Adherbal se porta à sa rencontre, avec toutes les troupes dont il pouvait disposer. Arrivé en présence de ses ennemis, il avait pris ses dispositions pour les attaquer le lendemain, lorsque, pendant la nuit, les troupes de Jugurtha se jetèrent sur son camp et l'enlevèrent par surprise. Adherbal put, avec beaucoup de peine, se réfugier derrière les remparts de Cirta. Jugurtha l'y suivit et commença le siège de cette place fortifiée par l'art et la nature, et dans laquelle se trouvaient un grand nombre d'artisans et marchands italiens, décidés à défendre la cause du prince légitime. Tandis qu'il pressait ces opérations, il reçut trois députés envoyés de Rome pour le sommer de mettre bas les armes; il les congédia avec force démonstrations de respect et assurances de fidélité, mais ne tint aucun compte de leurs remontrances. Mandé, peu après, à Utique, par de nouveaux envoyés du Sénat, il se rendit dans cette ville, y accepta avec déférence les ordres à lui adressés; puis il revint à Cirta, dont le blocus avait été rigoureusement maintenu. Cette ville était alors réduite à la dernière extrémité par la famine. La nouvelle de l'échec des négociateurs romains y porta le découragement et le désespoir. Adherbal, voyant la fidélité de ses adhérents fléchir, se décida à traiter avec son cousin. Jugurtha lui promit la vie sauve; mais, dès qu'il eut entre les mains les clés de la ville, il ordonna le massacre général des habitants, sans épargner les Italiens, et fit périr Adherbal dans les tourments[77].
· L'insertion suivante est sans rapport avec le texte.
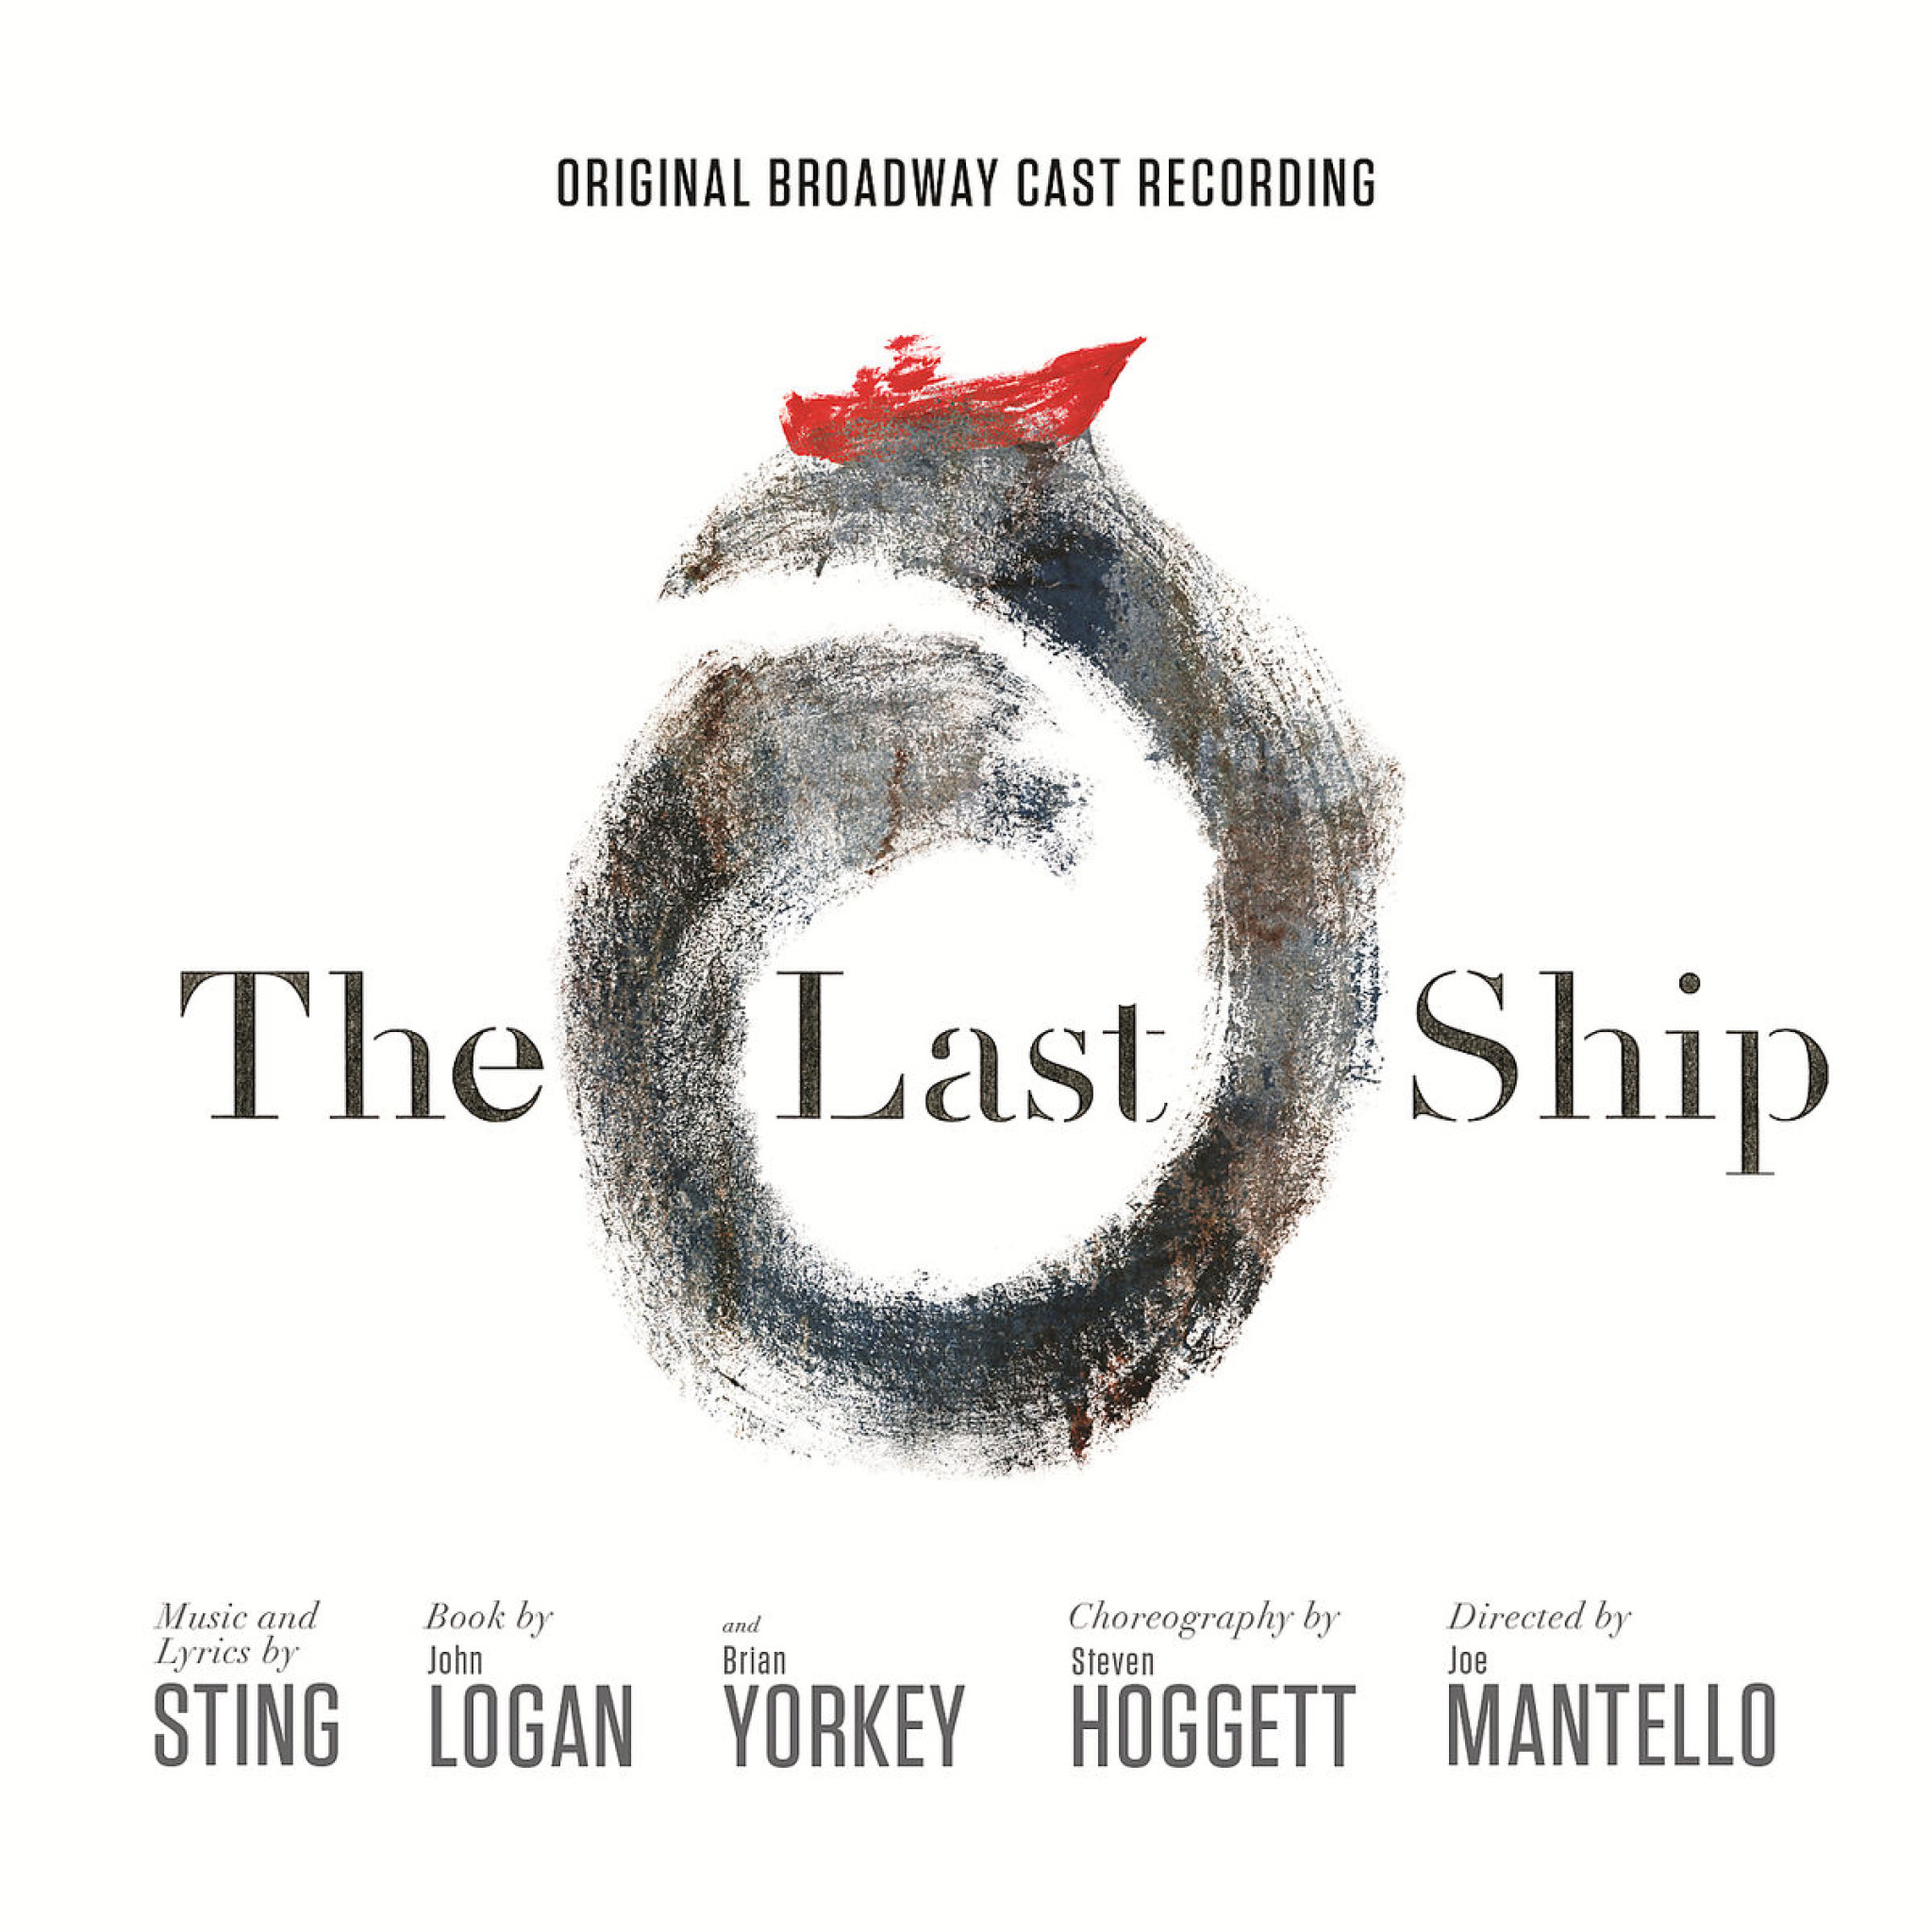 THE LAST SHIP

[Note 77: Salluste, _Bell. Jug._, XXVI.]
GUERRE DE JUGURTHA CONTRE LES ROMAINS.--Cette fois Jugurtha restait maître incontesté du pouvoir; il est possible que les Romains eussent fermé les yeux sur l'origine criminelle de sa royauté: mais des citoyens latins avaient été lâchement massacrés et il était impossible de tolérer cette insulte. Le parti du peuple accusa à bon droit la noblesse d'avoir encouragé ces crimes. En vain Jugurtha envoya à Rome son fils et deux de ses confidents: l'entrée du Sénat leur fut interdite et l'expédition d'Afrique résolue. Calpurnius Bestia, en ayant reçu le commandement, partit bientôt de Sicile à la tête des troupes, débarqua en Afrique, s'avança jusqu'à Badja et remporta de grands succès. Bokkus, lui-même, envoya aux Romains l'hommage de sa soumission. Jugurtha, se voyant perdu, eut alors recours à un moyen qui lui avait toujours réussi, la corruption. Bestia, gagné par son or, consentit à signer avec lui un traité après s'être fait livrer par le prince numide des éléphants, des chevaux, des bestiaux et une contribution de guerre (111).